Q1. I need help with understanding why the given answer to this question (see below) is correct. I just don't get it. Shouldn't the vector adjacent to theta (pointing up) be pointing the opposite direction, considering addition of vectors (tail of first vector to head of second one)??? Please explain it to me, and correct me if I'm wrong. :]



Q2. (highlighted one, please)... (I keep getting 2.998 m/s (4s.f.) 89°58' (nearest min), while they get 3.3 m/s East, the bearing of which is essentially the same.)
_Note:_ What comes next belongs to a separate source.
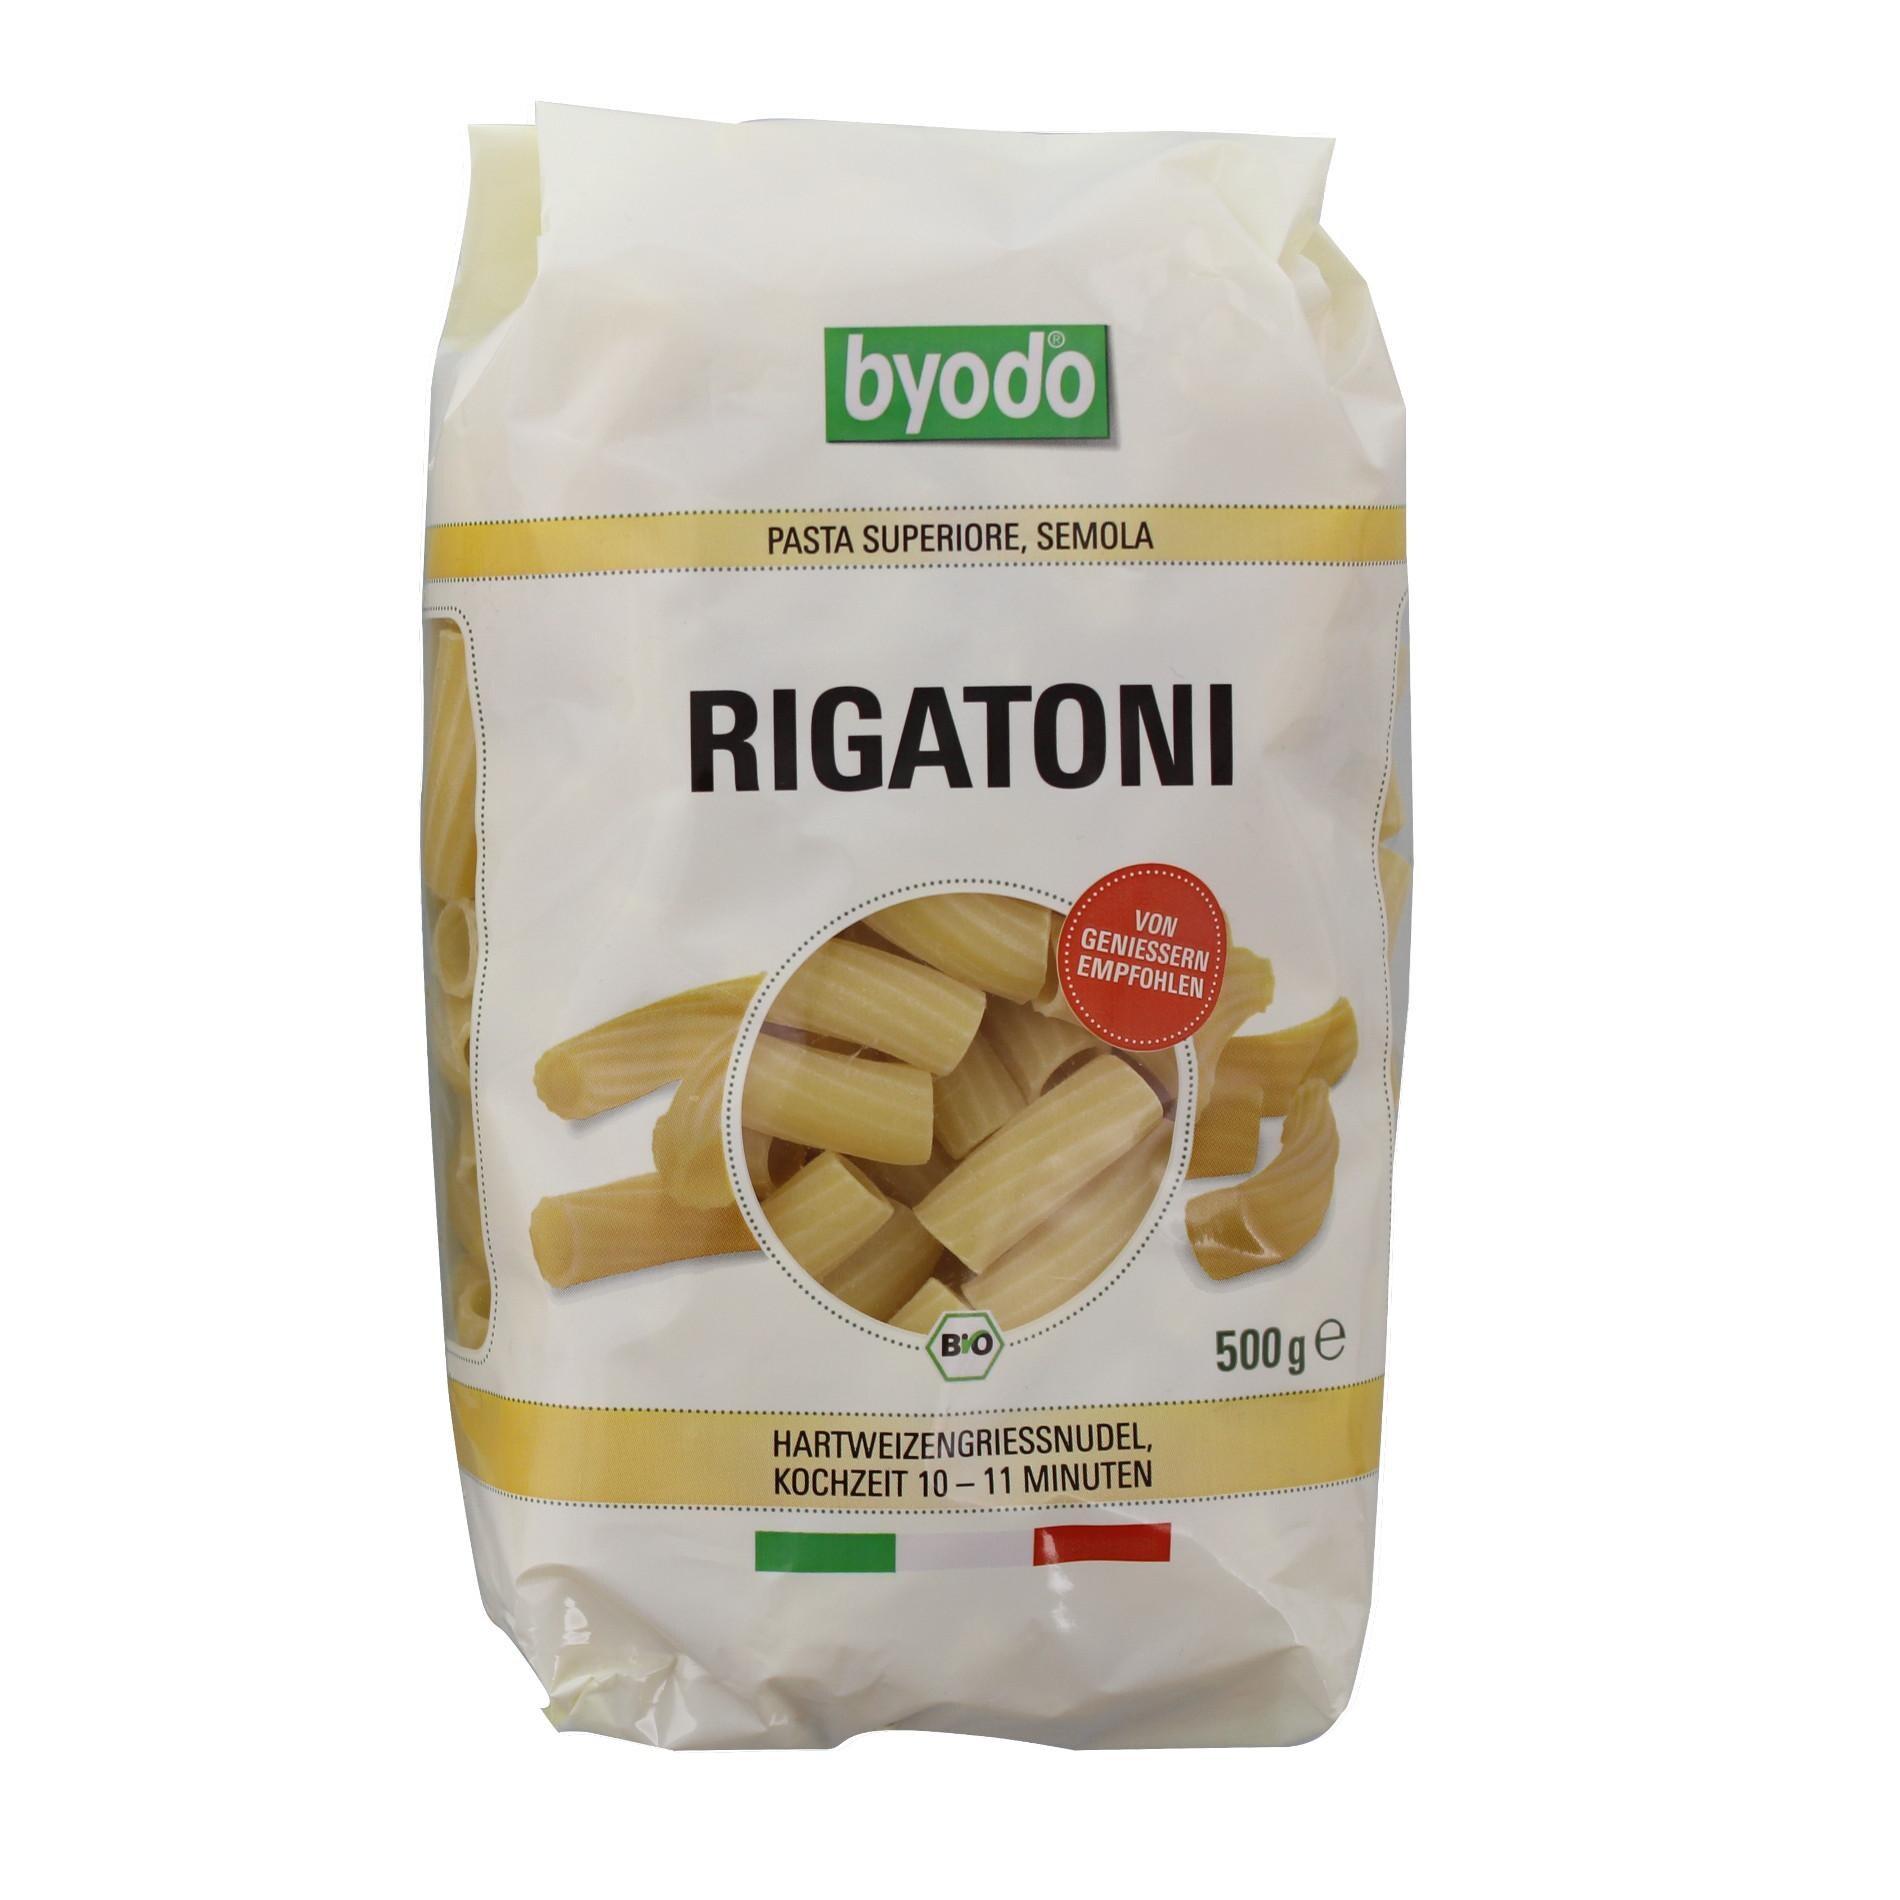 Byodo Bio Pasta Rigatoni 500g

Q3. Name and describe one safety device in cars that helps protect people from injury. Include the concept of stopping distance in your response. (2 marks)

Thanks in advance!!

P.S. You don't have to answer all the questions at once. Any help is help!

 

[trea99]

Re: Moving About Help ~ Inclined Planes

With the first question;
The only forces acting on the truck would be the weight force, some sort of driving force up the hill (without some force acting up the incline and the in the absence of friction, there would be a net force mgsinθ down the hill but we are told the truck is moving up at a constant speed), and the normal reaction force.
The normal reaction force, N is the vector pointing upward, the weight force is the other vector adjacent to θ pointing down and the small vector opposite θ is the driving force up the hill. There is no "resultant" force vector in this free body diagram because we are told the truck is moving at a constant speed up the hill at the same incline θ which means it is not accelerating (there is no net force acting on it).
We can split the forces acting on the truck to a component parallel to the inclined surface and one that is perpendicular to the incline.
Perpendicular: We have mgcosθ, the component of the weight force perpendicular to the surface and N, the normal reaction force
mgcosθ = N there is no vertical acceleration
Parallel: We have mgsinθ the component of the weight force parallel to the surface and a driving force we'll call Fd
Fd = mgsinθ as well because the truck moves with a constant velocity.
So when we add these vectors, they all "cancel" so we get a closed loop. There is no resultant force vector in this case which is what I think might have confused you. It might be more clear if you consider the weight force as having 2 components mgsinθ and mgcosθ

The second question;
We'll call the skateboarder S, the walker W and the ground G.
Vsw = Vsg - Vwg
(the velocity of the skateboarder relative to the walker is equal to the vector sum of the velocity of the skateboarder relative to the ground - the velocity of the walker relative to the ground)
We are told what Vsw and Vsg are 4.24ms^-1 North West and 3ms^-1 North. From here use vector addition and see if you can get the answer.